Nuevos planos y fotografías documentan la historia reciente del monumento histórico

La iglesia del monasterio de Santa Maria de Ripoll no es románica. Esto es algo sabido y experimentado en una simple visita, pero lo que se conocía menos es la historia del proceso que en el siglo XIX llevó, tras diversas polémicas y proyectos, a reinventar lo que podría haber sido la iglesia románica del abad Oliba a partir de un concepto más ideológico y sentimental que arqueológico. La especialista en arquitectura medieval Concepció Peig ha reconstruido las vicisitudes del monasterio con el objeto de determinar qué quedaba del original en el momento en que se optó por su reedificación.

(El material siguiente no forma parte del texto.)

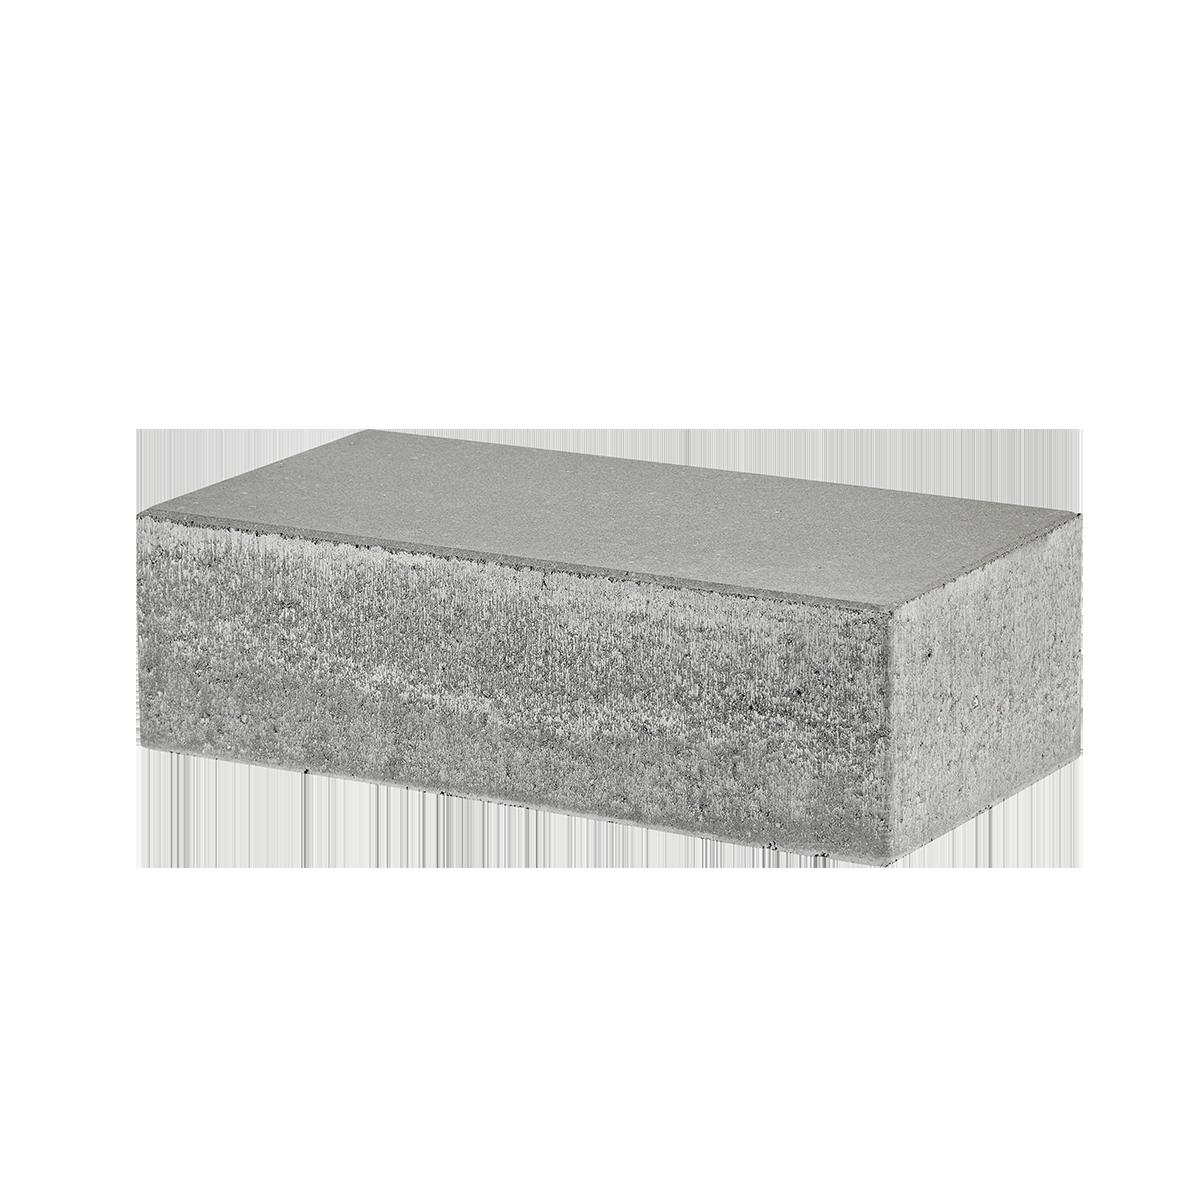 Trappetrin 60x30x18 cm Grå Lige kant

Las aportaciones de Concepció Peig al conocimiento de la iglesia de Santa Maria de Ripoll permiten conocer de forma más exacta el estado del monasterio antes de la reconstrucción que ahora puede verse. Peig explica que ha encontrado varios planos inéditos en los que se aprecia de forma más clara el estado en que se hallaba el monasterio tras los años de abandono que sufrió después de la Desamortización de Mendizábal. Estos planos, aclara Peig, tampoco dan fe de la iglesia románica original, sino de la transformación que ésta había sufrido a mediados del siglo XIX para convertirla en una iglesia neoclásica, porque la historia de Ripoll, como la de muchos monasterios medievales, está plena de avatares y transformaciones que hacen difícil la lectura del edificio. El trabajo de Peig, profesora en la Universidad Internacional de Cataluña, forma parte de su tesis doctoral sobre Espacio y función en la arquitectura catalana de los siglos X-XI, que aún no está presentada, si bien en el 23º Curso sobre Intervención en el Patrimonio Arquitectónico, que se celebró a mediados del pasado mes de diciembre en el Colegio de Arquitectos de Cataluña, y que en esta ocasión se centró en los monasterios, presentó una ponencia sobre las intervenciones que sufrió Ripoll en el siglo XIX.

Reconstrucción simbólica

Aunque la primera iglesia del monasterio fue consagrada en el año 888, el referente actual y el que dominó en la reconstrucción es la ampliación que el abad Oliba realizó en 1032, una iglesia de cinco naves y siete ábsides, ya que era aquélla la que simbolizaba el momento de máximo esplendor del monasterio y, a su vez, del nacimiento de Cataluña. Pero la iglesia del abad Oliba había sufrido otras transformaciones. La más importante fue la nueva portalada, del siglo XIII, que, junto al claustro y la torre, ha logrado sobrevivir hasta hoy.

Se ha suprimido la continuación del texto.